The two-toed sloths are less picky than the three-toed sloths; in addition to leaves , they also eat fruits , flowers and buds . Occasionally they also consume insects , bird eggs, and nestlings . The generally low-energy vegetable diet leads to a low metabolic rate , which is only 40 to 45% of a similarly large mammal and results in a very energy-saving lifestyle. Among other things, muscle contraction is 4 to 6 times slower than in a house cat , muscle relaxation is even 9 to 11 times slower. Defecation is usually only done once a week. The body temperature is variable and fluctuates between 32.7 and 35.5 ° C, especially during sleep or during cooler times of the day or in damp weather it sometimes drops sharply. Wild two-toed sloths sleep and rest for about 13 hours a day, with periods of increased, mostly nocturnal activity between the individual rest phases, which can last up to 7.5 hours. However, in order to obtain important supplements that are not available due to the rather low-energy food, a special symbiosis has developed in both the two-toed sloths and the three-toed sloths . Moths of the genus Cryptoses live in the fur and lay their eggs in the sloth's dung . They also give off nitrogen compounds to the algae that also live in the fur. By licking the fur, the two-toed sloths ingest the algae and thereby receive the supplements. The effect is more clearly developed in the three-toed sloth.

Reproduction

The mating is all year round, but with some populations it may also be dependent on the seasons and then takes place at the beginning of the dry season. The gestation period lasts ten to eleven months, and a single young is usually born. This is around 21 to 25 cm long and weighs around 360 to 450 g. It spends the first few weeks of life clinging to the mother's stomach, and when it is five weeks at the latest, it starts eating solid food. The lactation period is around five months. It becomes finally independent after six to nine months, but the process can also take up to two years. Females become sexually mature at around three years of age, males at four to five years. The interval between two births is about a year and a half. The life expectancy of the two-toed sloth in the wild is unknown; in human care, they can live to be 40 years and older. The highest documented age was a two-toed sloth that was at least 50 years old and kept in human care.

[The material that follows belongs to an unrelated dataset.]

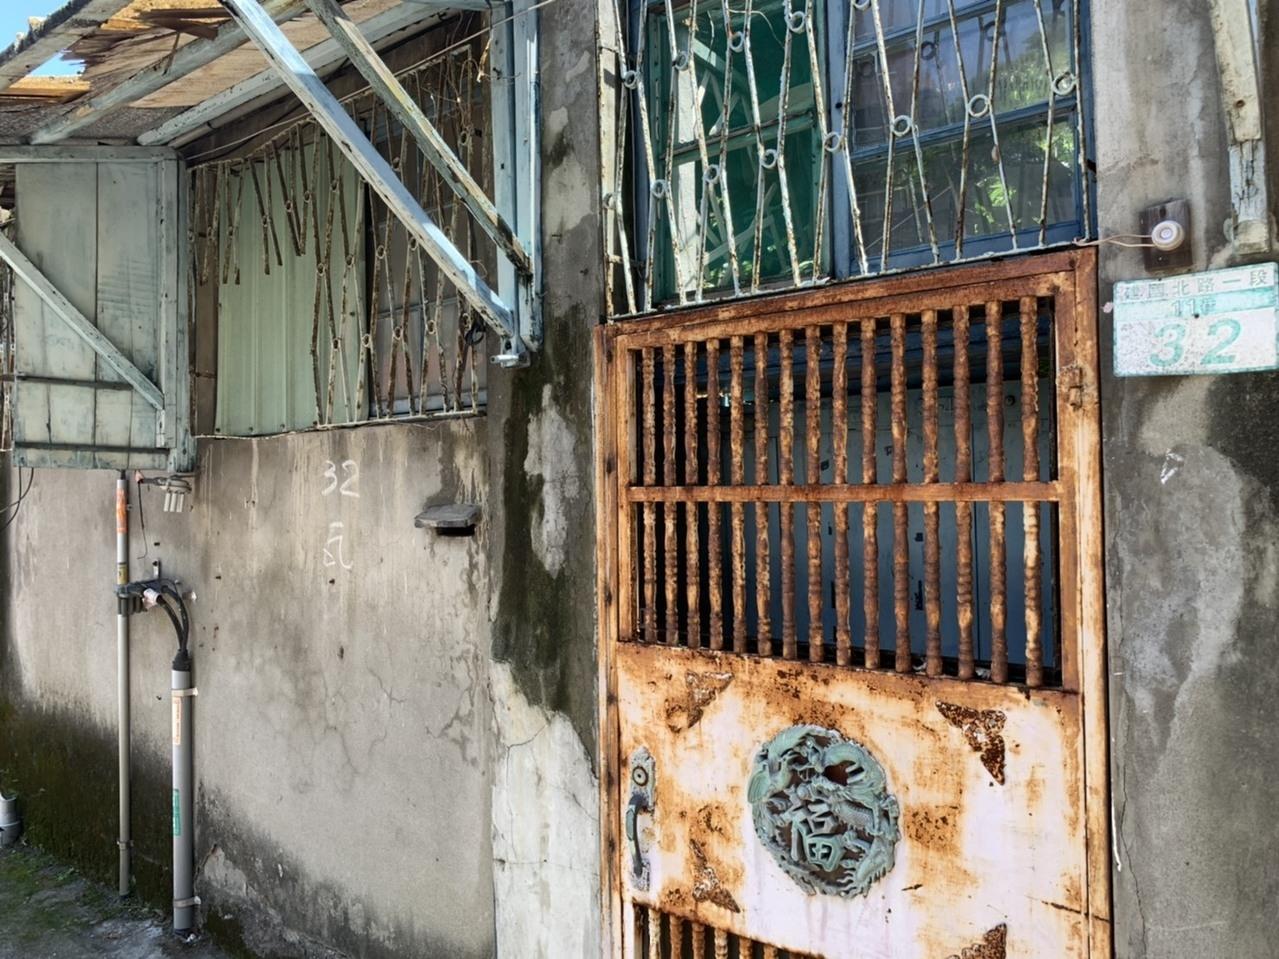 鐵路局機務段員工連棟宿舍爭議最大的19戶,文資委員不同意廢止登入歷史建築。記者趙宥寧/攝影

Predators and survival strategies

The most important predators are birds of prey such as the harpy , larger and smaller cats such as the jaguar and the ocelot and giant snakes such as anacondas . The two-toed sloths can defend themselves against predators with their front claws and teeth, but mostly they are camouflaged by their fur and their very slow movements.

Systematics

The two-toed sloths ( Cholöoepus ) are a genus within the monotypic family of the Choloepodidae from the suborder of the sloths (Folivora). The sloths together with the anteaters (Vermilingua) form a closer family group, the tooth arms (Pilosa). These represent an order within the superordinate order of the secondary articulated animals (Xenarthra), which in turn belongs to one of the four main lines of the higher mammals . With the help of molecular genetic studies, a split of the sloths from the common line with the anteaters in the end of the Paleocene could be determined about 58 million years ago. The closest related group within the sloth today are the three-toed sloths ( Bradypus ) from the also monotypical family of the Bradypodidae.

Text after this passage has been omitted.